I’ll be back for more talks: Mbeki

BY EVERSON MUSHAVA/MOSES MATENGA

PROSPECTS for talks between President Emmerson Mnangagwa and his arch rival, opposition MDC leader Nelson Chamisa
grew yesterday after former South African President Thabo Mbeki yesterday said he would be returning to the country before year-end for further talks.

Mbeki was in the country since Monday and held marathon meetings with Mnangagwa, Chamisa, members of the Political Actors Dialogue (Polad) — a grouping of presidential candidates in last year’s elections, as well as churches and civic organisations.

The former South African leader left the country yesterday, but said he would be back later this month “to talk a bit more”.

He said the purpose of his visit was to listen to various players and appreciate the problems the country was facing.

“We have been talking to everybody and everybody, of course, is interested to discuss the situation and I am interested too in the situation here, just to understand what has been happening and to say very basically, we support the efforts of the Zimbabweans to address their fundamental challenges,” Mbeki said yesterday.

“Whatever the challenges are, (it is important) that everybody gets together, so we have been listening to everybody and we have finished that listening process. So we will come back later this month to continue to finalise that.”

Zimbabwe has experienced an accelerated economic decline since Mnangagwa took over after his late former boss, Robert Mugabe, was deposed by his army chiefs in November 2017.
A disputed poll last year only deepened the crisis, with Chamisa refusing to recognise Mnangagwa’s victory.

Previous mediation attempts failed after Mnangagwa demanded that Chamisa first accept him as President of the country, a demand rejected by the youthful opposition leader, who wanted the legitimacy issue to be on the agenda.

The MDC leader snubbed political dialogue initiated by Mnangagwa, demanding a neutral international mediator.

Mbeki’s visit this week came at time there are increasing calls for dialogue between the two political protagonists to resolve the political and economic crisis in the country.

During his visit, Mbeki first met Mnangagwa and then Chamisa, before meeting again the Zanu PF leader and then went back to Chamisa.

“We were listening because we want to give as much support as we can because, as I said, there are many people in Zimbabwe who are saying the country needs to address many challenges, political reform, economic and so on,” Mbeki said.

“We are neighbours and we hope to give the necessary support. I have lots of confidence in the leadership of the country, all of them, the collective leadership and coming together as they have done in the past, there is a lot of capacity to resolve all these problems, all the reforms, whether they are political or not.”

In 2008, Mbeki led a Sadc-mediated process that birthed a Government of National Unity between Mugabe and the late MDC leader Morgan Tsvangirai following a disputed and bloody presidential run-off that year. The former South African leader yesterday said he was confident talks would again break the political gridlock.

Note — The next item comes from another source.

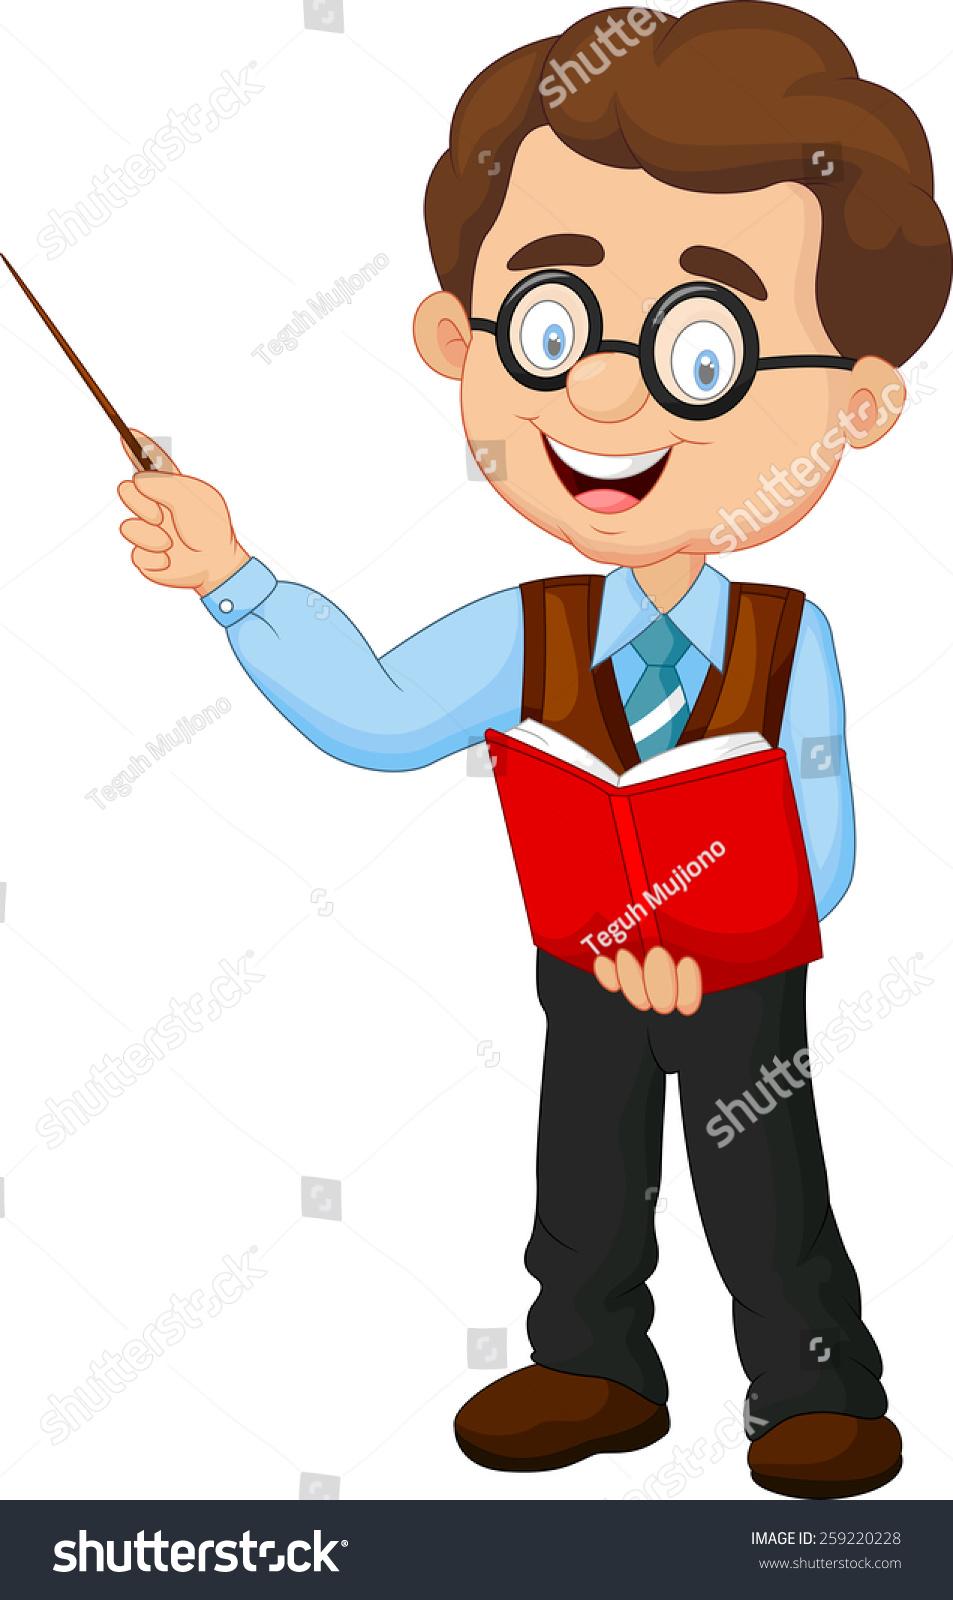 cartoon male teacher stock vector 259220228 shutterstock

“I think it is possible, but we are listening and, as I said, we will come back later in the month and talk a bit more.”

Meanwhile, the National Peace and Reconciliation Commission (NPRC) said it was important for Zimbabweans to find each other and dialogue towards a conflict-free country.

Speaking after meeting the MDC leadership for the first time, deputy chairperson Lillian Chigwedere said the commission was working towards a united and healed country and described the meeting as “a step in the right direction.”

“We have had a series of engagements with stakeholders since 2018 when we held our strategic planning. One of the outstanding engagements was with the MDC,” she said.

Chigwedere said during the meeting, the commission outlined its roles and other issues, while the MDC pointed out that many of its supporters had been victims of politically-motivated violence.

“After our presentation to them on what we stand for and how we operate, the space was opened for interactions, where issues to do with perception, independence (were discussed) and we reiterated to them that according to the Constitution and the Act, the commission is independent and works with everyone. We are an apolitical body that works with everyone.

“We are a commission that is supposed to bring the nation together. We need a reconciled nation, a healed nation and a united nation,” she said, adding the NPRC has to address past conflicts to bring about justice, facilitate dialogue and ensure the rehabilitation of victims.

Chigwedere said they have a complaints handling desk were everyone was free to visit.

“The very fact that we are engaging the parties means we are going to have people talk to each other. Facilitation of dialogue is one of our mandates and we work with all stakeholders, traditional leaders, churches and others to create a cohesive society that talks to each other without resorting to conflict. If conflicts are not addressed, they keep on repeating themselves,” she said.